Use the OpenAI Python SDK with a multimodal-capable Llama model by sending chat.completions.create requests that include both text and image messages. Specify the model like llama-3.3-70b-versatile and include images as base64-encoded strings or URLs in the message content.

Quick answer

Use the OpenAI Python SDK with a multimodal-capable Llama model by sending chat.completions.create requests that include both text and image messages. Specify the model like llama-3.3-70b-versatile and include images as base64-encoded strings or URLs in the message content.

PREREQUISITES

Python 3.8+
OpenAI API key (free tier works)
pip install openai>=1.0

Setup

Install the official openai Python package version 1.0 or higher and set your OpenAI API key as an environment variable.

Install package: pip install openai>=1.0
Set environment variable: export OPENAI_API_KEY='your_api_key' (Linux/macOS) or setx OPENAI_API_KEY "your_api_key" (Windows)

bash

pip install openai>=1.0

Step by step

Use the OpenAI SDK to send a chat completion request to a Llama multimodal model like llama-3.3-70b-versatile. Include both text and image messages in the messages array. Images should be base64-encoded or URLs wrapped in a JSON object with type and image_url or image_base64 keys.

python

import os
from openai import OpenAI

client = OpenAI(api_key=os.environ["OPENAI_API_KEY"])

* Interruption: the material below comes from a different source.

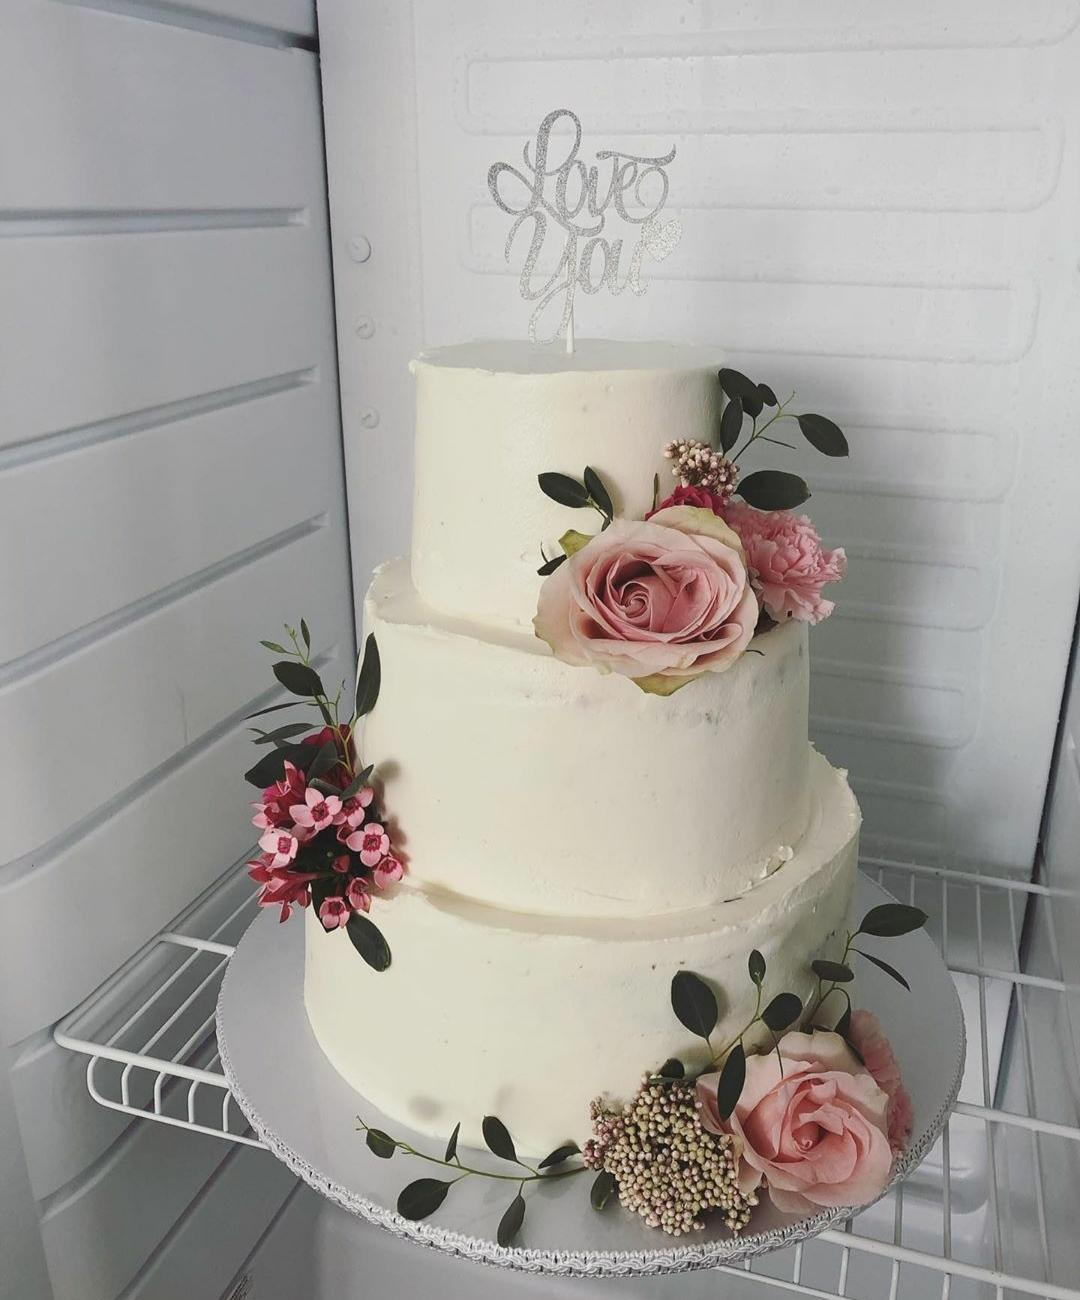 🌺Naša svadbička🌺 - Takúto tortu budeme mať od Masha's Cakes&Sweets 🍰🌺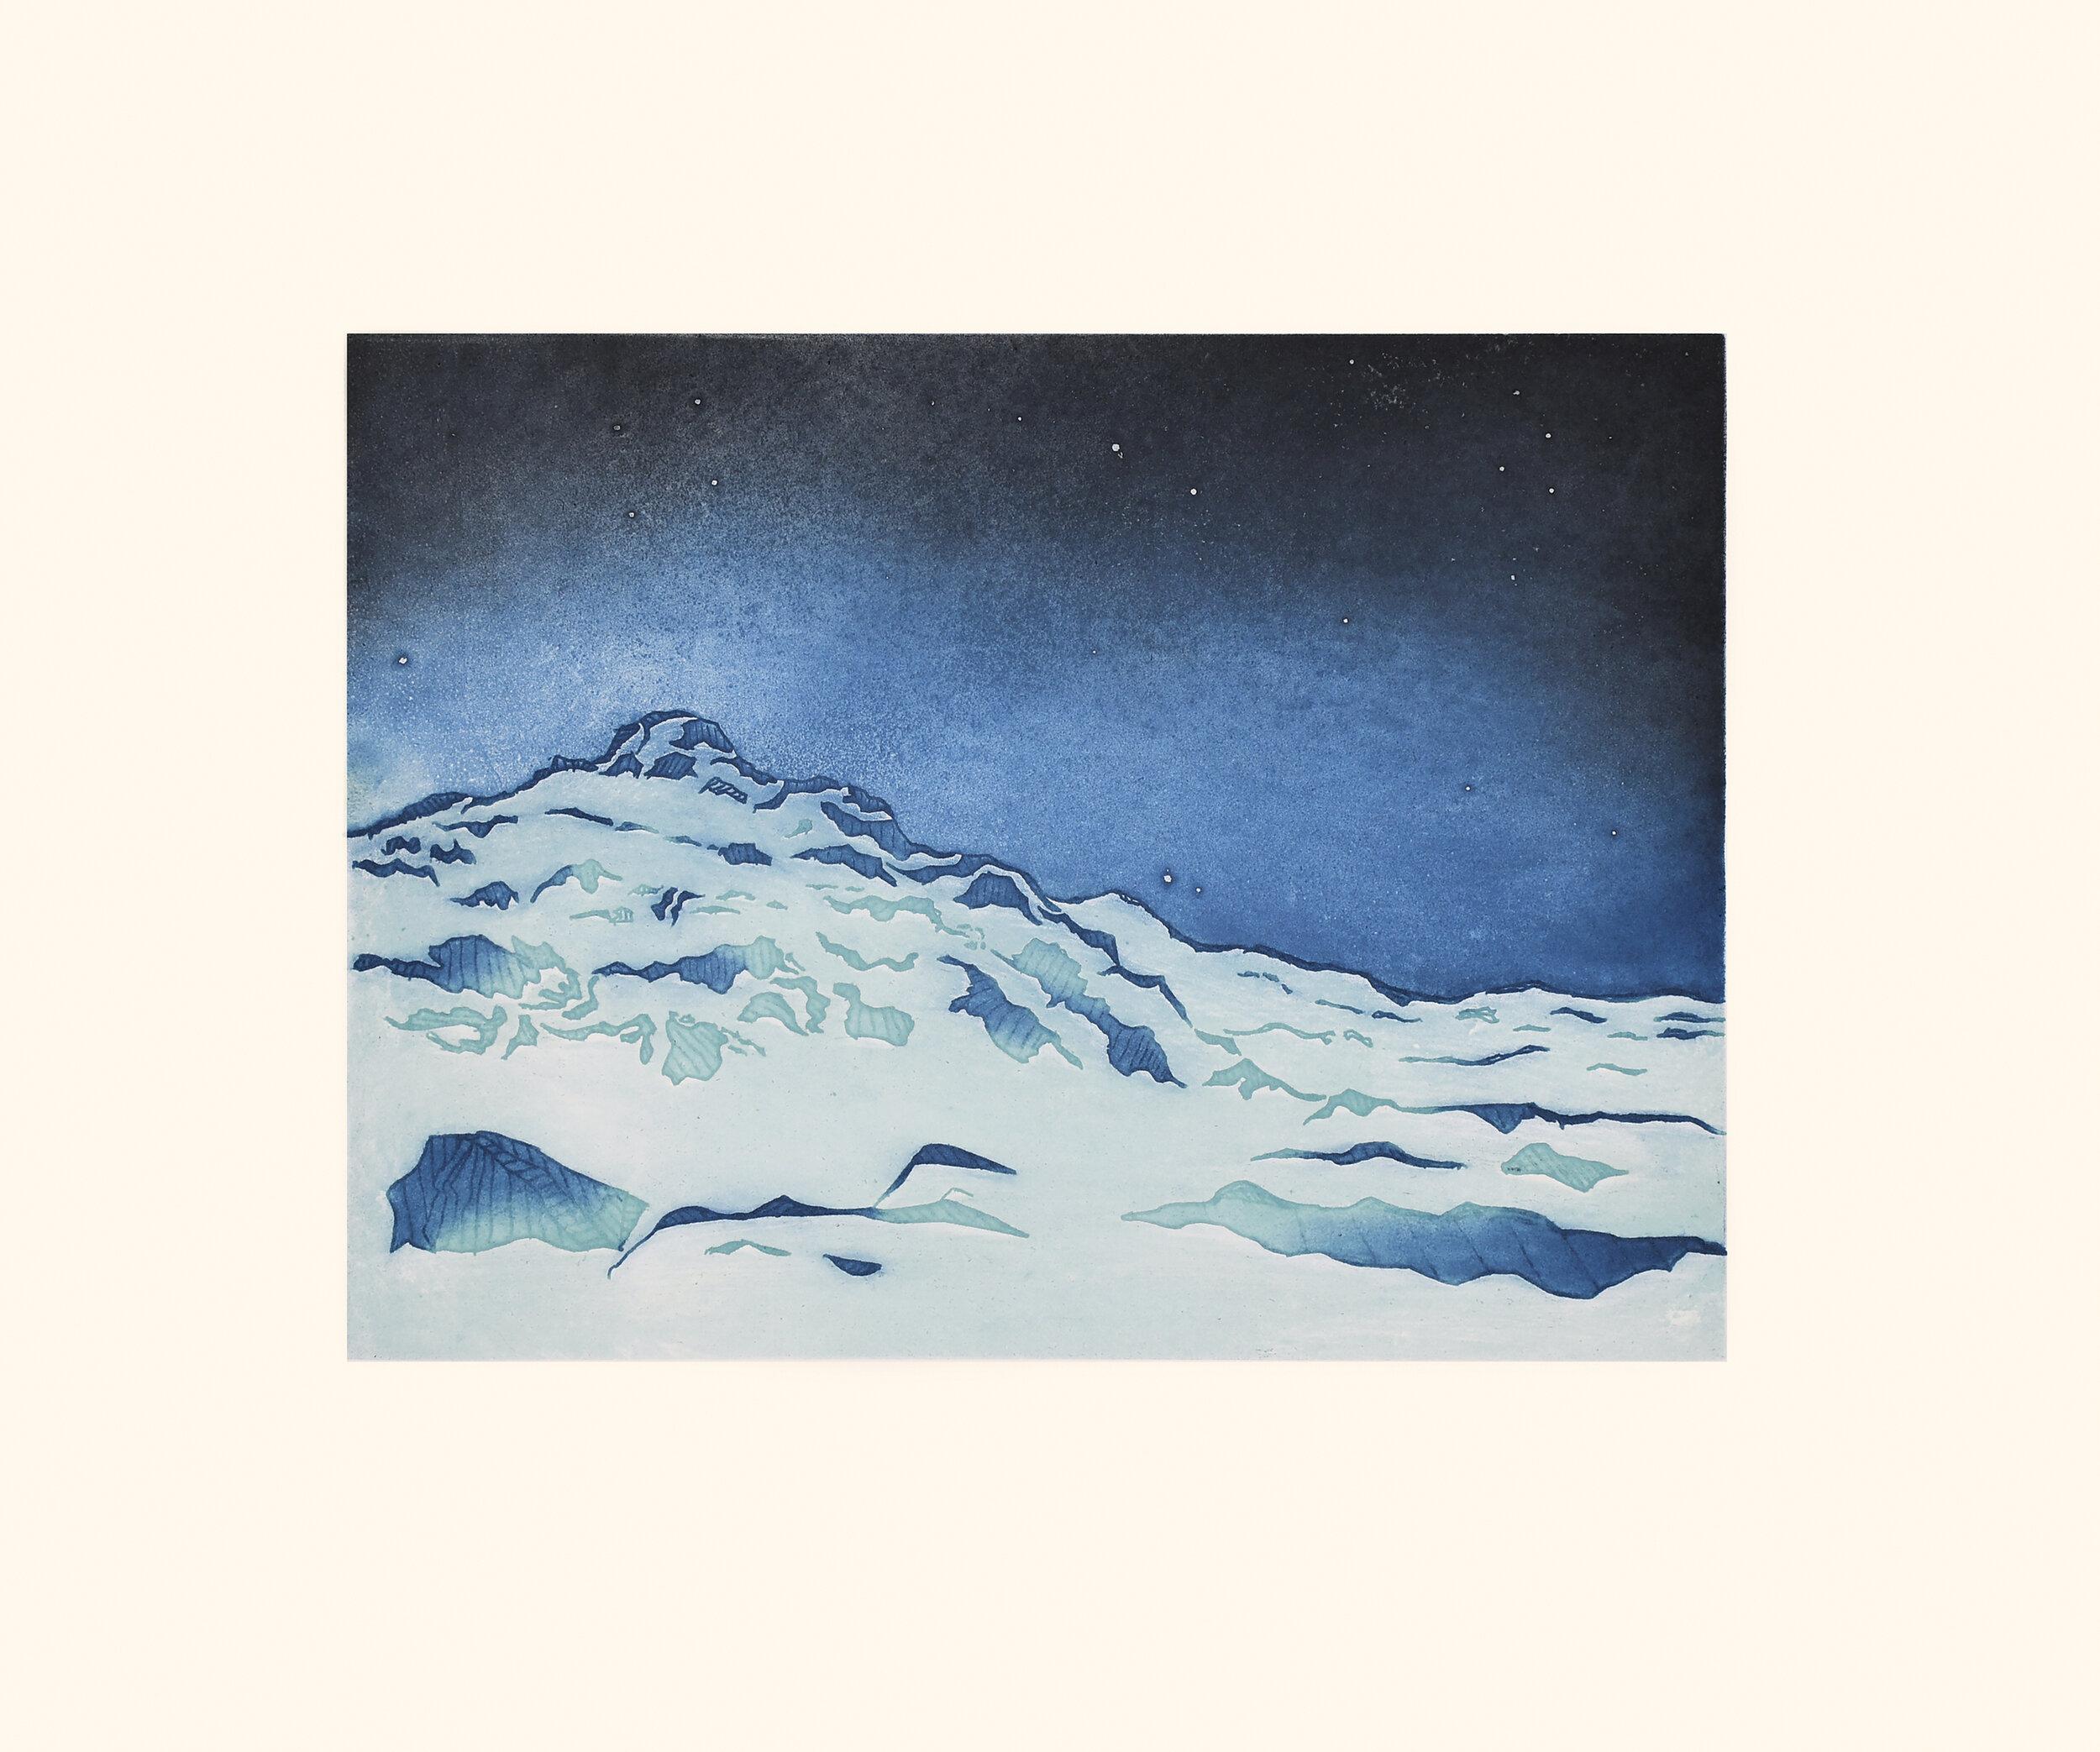 Silaqituq (Bright Evening) Nicotye Samayualie Inuit Etching & Aquatint Cape Dorset Print Collection 2020

# Example base64 image placeholder (replace with actual base64 string)
image_base64 = "data:image/png;base64,iVBORw0KGgoAAAANSUhEUgAAAAUA..."

messages = [
    {"role": "user", "content": "Describe this image and answer my question."},
    {
        "role": "user",
        "content": {
            "type": "image_base64",
            "image_base64": image_base64
        }
    }
]

response = client.chat.completions.create(
    model="llama-3.3-70b-versatile",
    messages=messages
)

print(response.choices[0].message.content)

output

A detailed description of the image and answer to the question.

Common variations

Use image URLs: Instead of base64, send images as URLs with {"type": "image_url", "image_url": "https://example.com/image.png"}.
Streaming: Use stream=True in chat.completions.create to receive partial responses.
Async calls: Use async/await with the OpenAI SDK's async client methods for concurrency.
Different models: Use other Llama multimodal models like llama-3.1-8b-instruct if available.

python

import asyncio
import os
from openai import OpenAI

async def main():
    client = OpenAI(api_key=os.environ["OPENAI_API_KEY"])
    messages = [
        {"role": "user", "content": "Analyze this image."},
        {"role": "user", "content": {"type": "image_url", "image_url": "https://example.com/image.png"}}
    ]
    response = await client.chat.completions.acreate(
        model="llama-3.3-70b-versatile",
        messages=messages,
        stream=True
    )
    async for chunk in response:
        print(chunk.choices[0].message.content, end="")

asyncio.run(main())

output

Partial streamed output printed progressively.

Troubleshooting

If you get InvalidRequestError about message format, ensure images are wrapped in {"type": "image_url"} or {"type": "image_base64"} JSON objects.
If the model is not found, verify your API key has access to Llama multimodal models and the model name is correct.
For large images, reduce size or use URLs instead of base64 to avoid payload limits.

✅

Key Takeaways

Use the OpenAI Python SDK with model "llama-3.3-70b-versatile" for multimodal input.
Include images as base64 or URLs in message content with explicit type keys.
Streaming and async calls improve responsiveness for large multimodal requests.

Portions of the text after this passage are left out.